[Opening Data extract section]

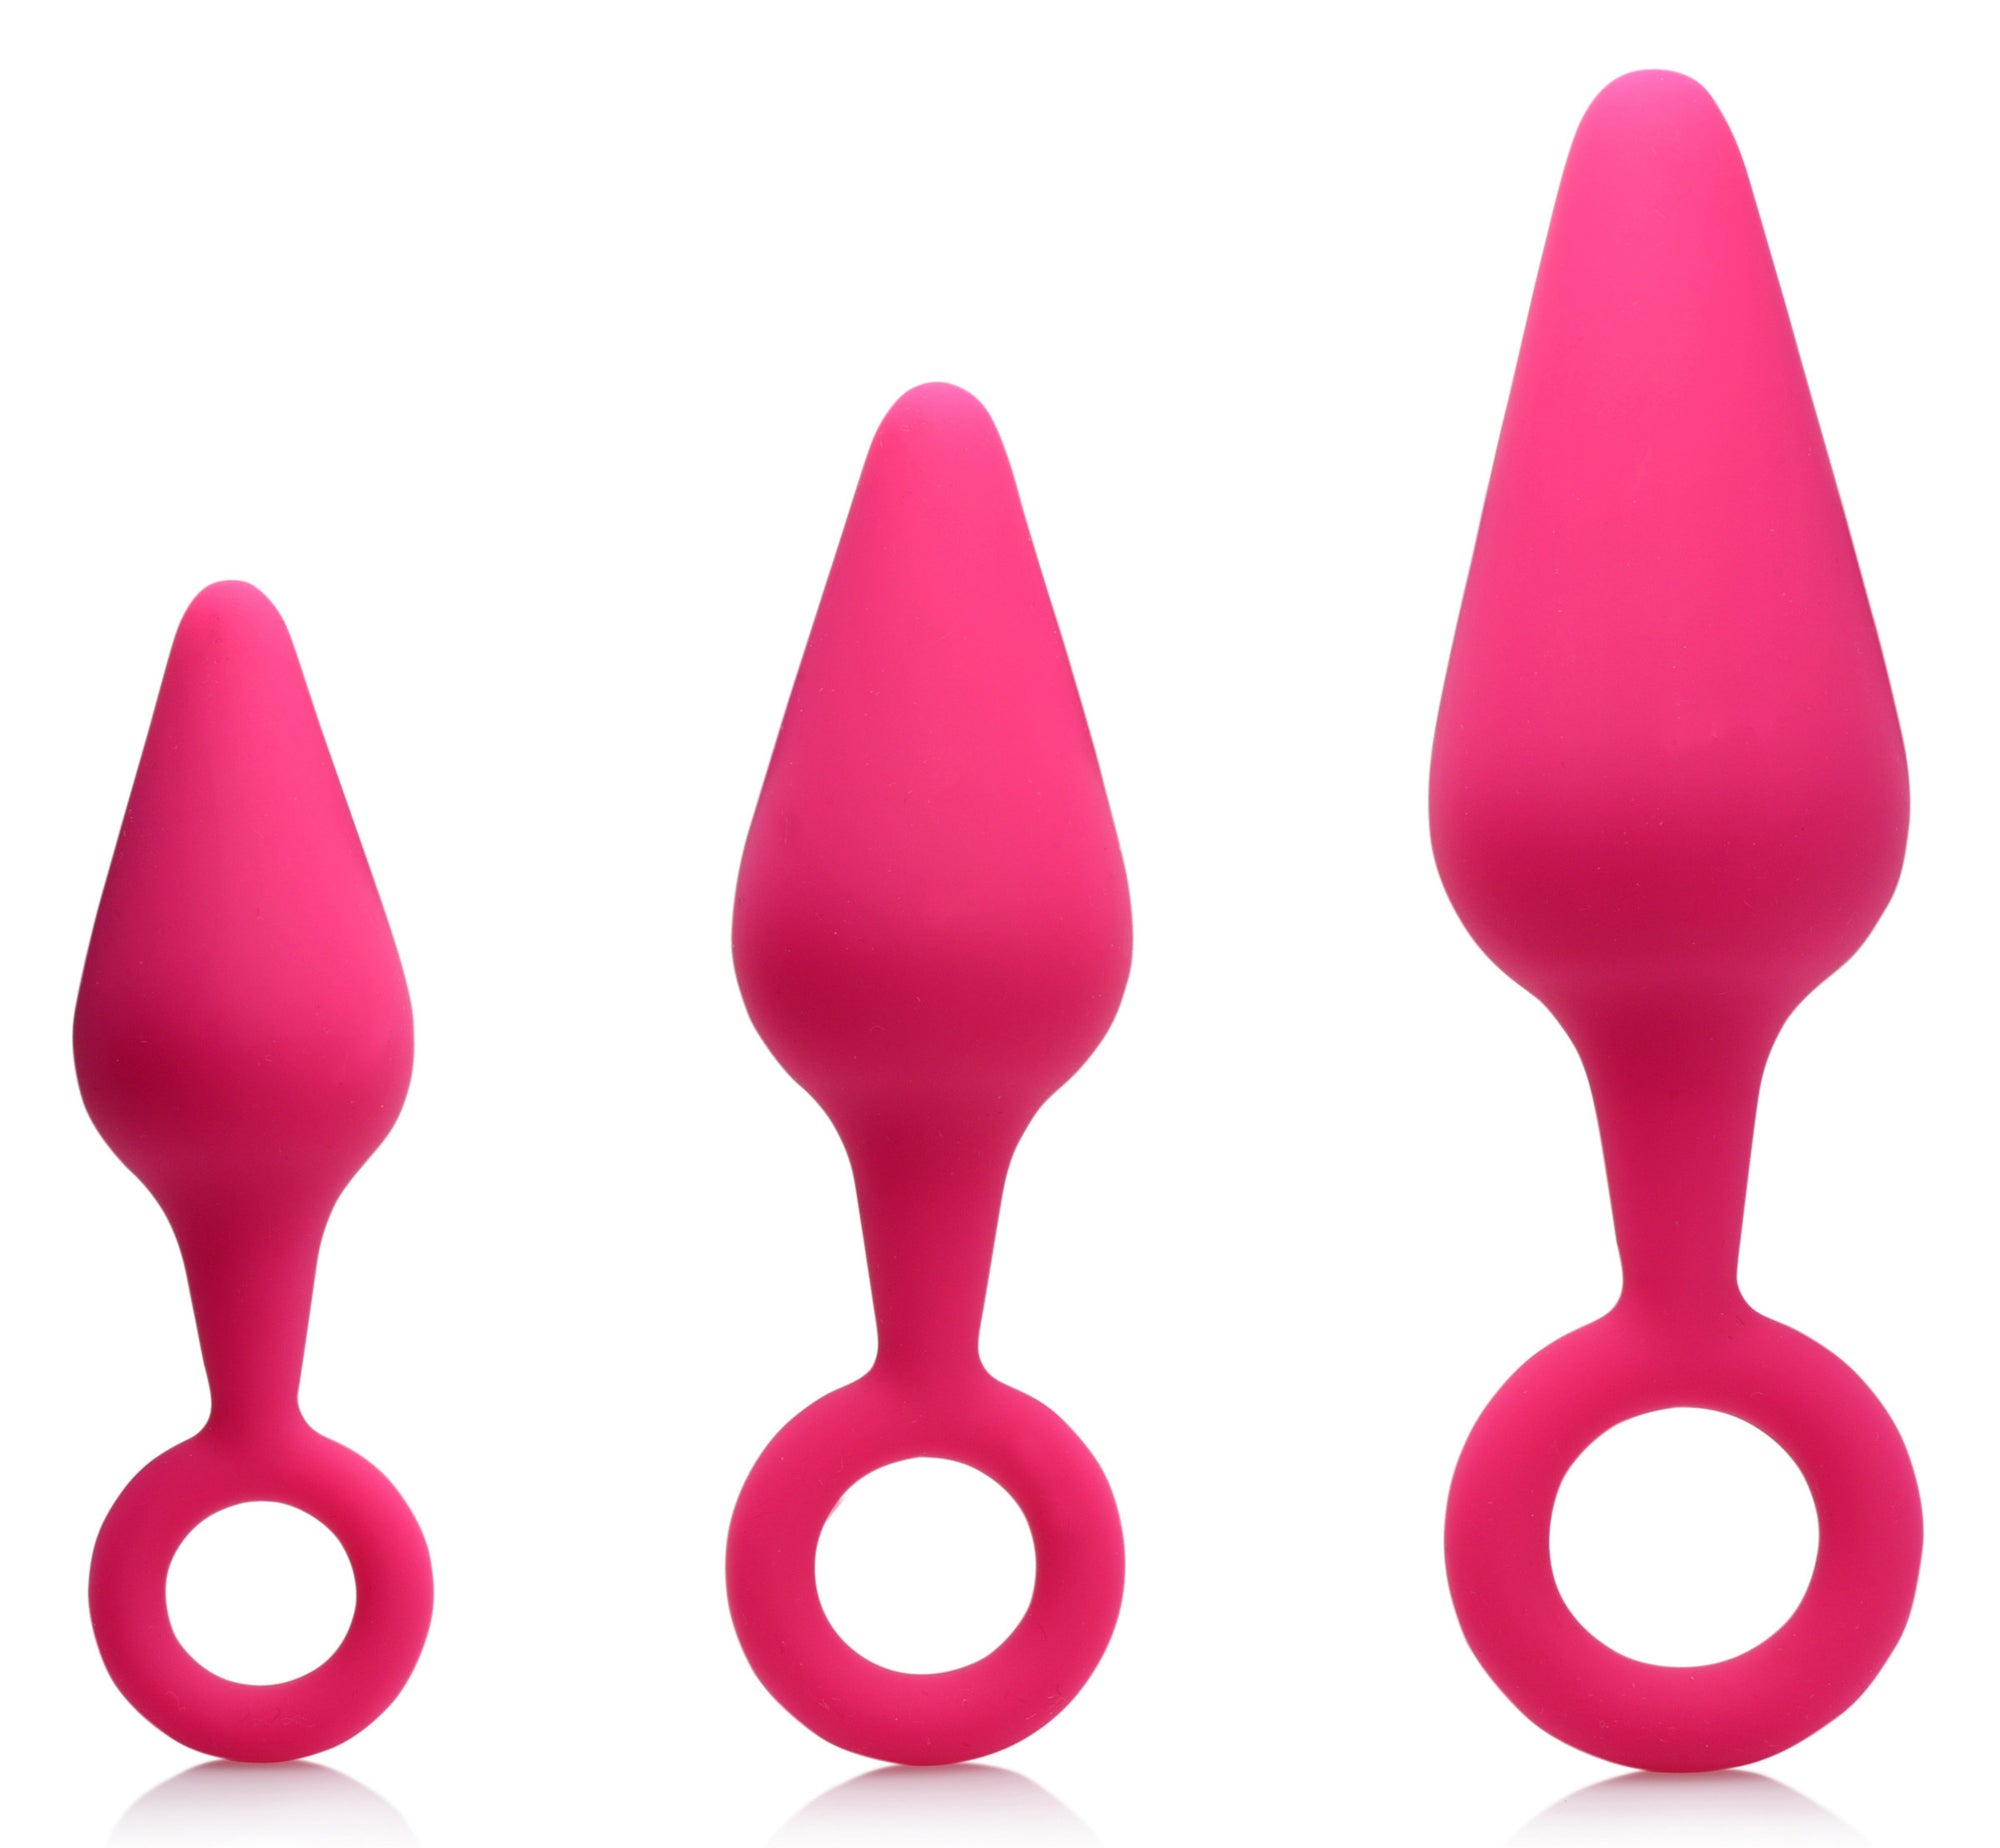 Rump Ringers 3 Piece Silicone Anal Plug Set - Pink 
Anal Toys
Gossip Cupid’s Secret Stash
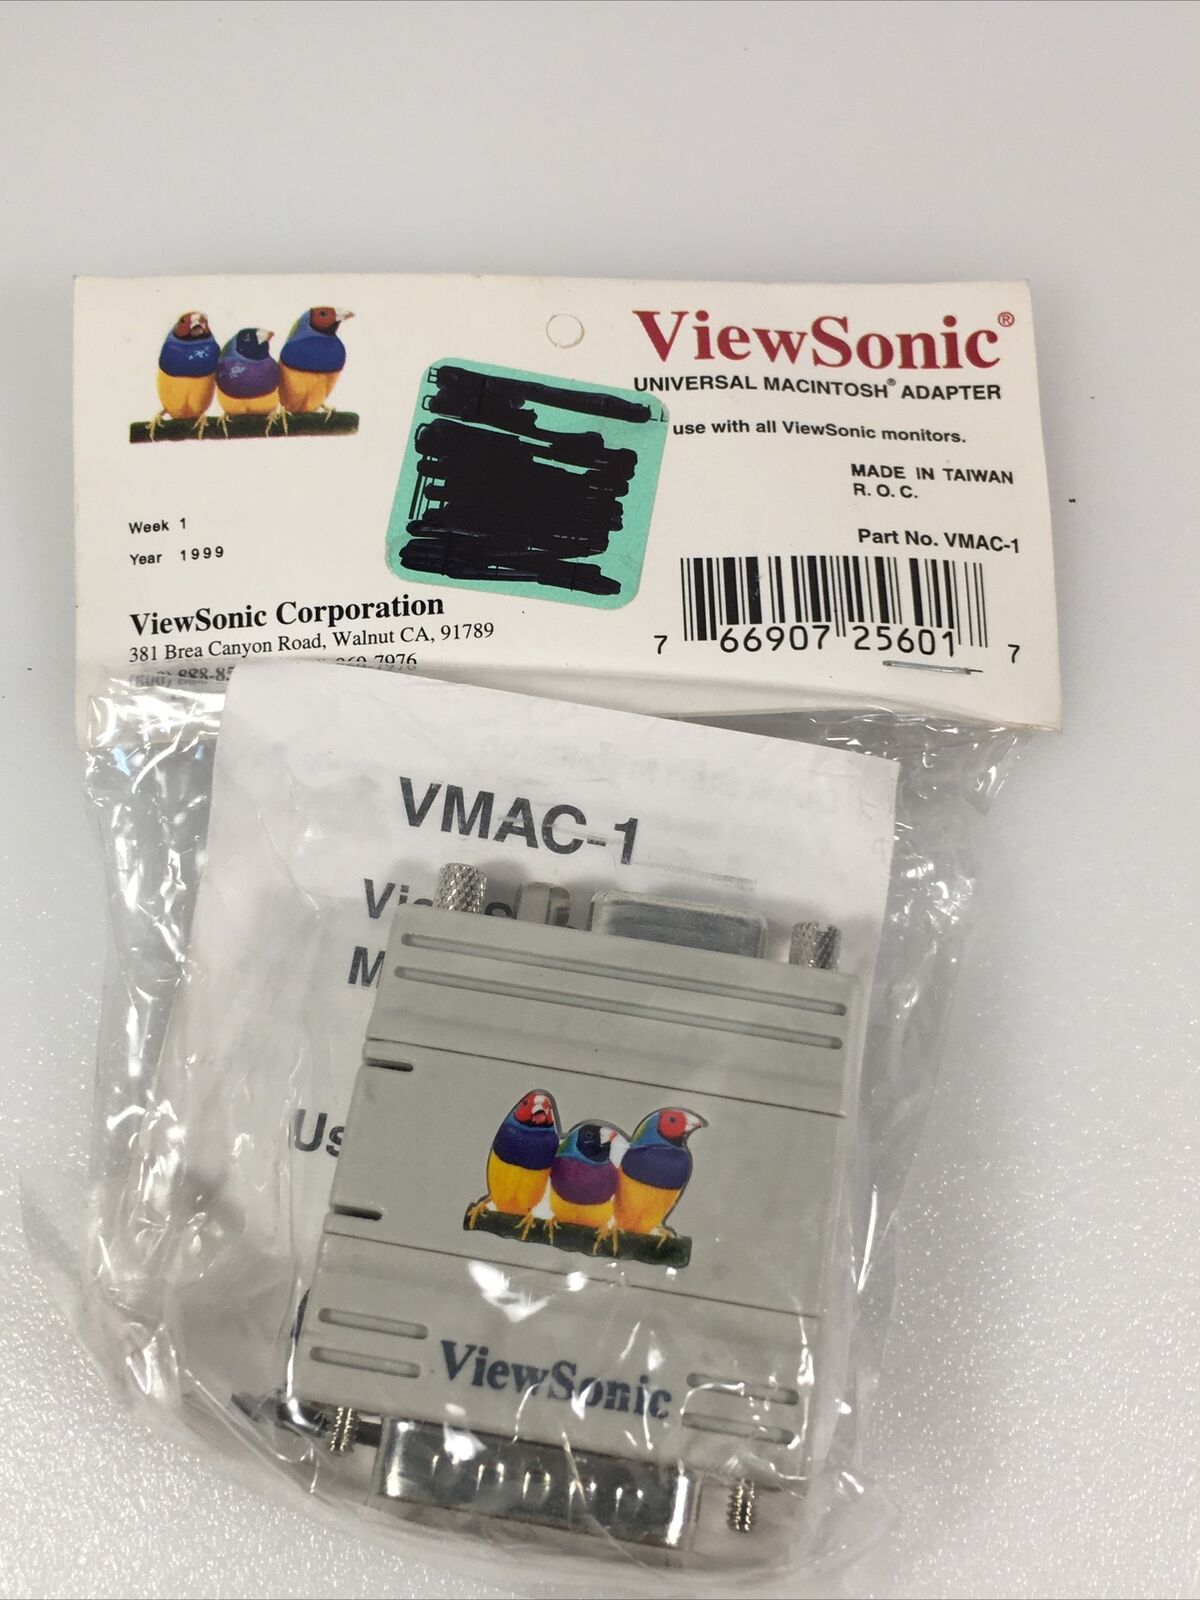 ViewSonic Apple Macintosh Adapter Universal Use W/ ViewSonic Monitor VMAC-1

[Closing Data extract section]

Work item. The whole listing above must be returned exactly as written, with no pictures carried over.

Your response.
 Rump Ringers 3 Piece Silicone Anal Plug Set - Pink 
Anal Toys
Gossip Cupid’s Secret Stash
 ViewSonic Apple Macintosh Adapter Universal Use W/ ViewSonic Monitor VMAC-1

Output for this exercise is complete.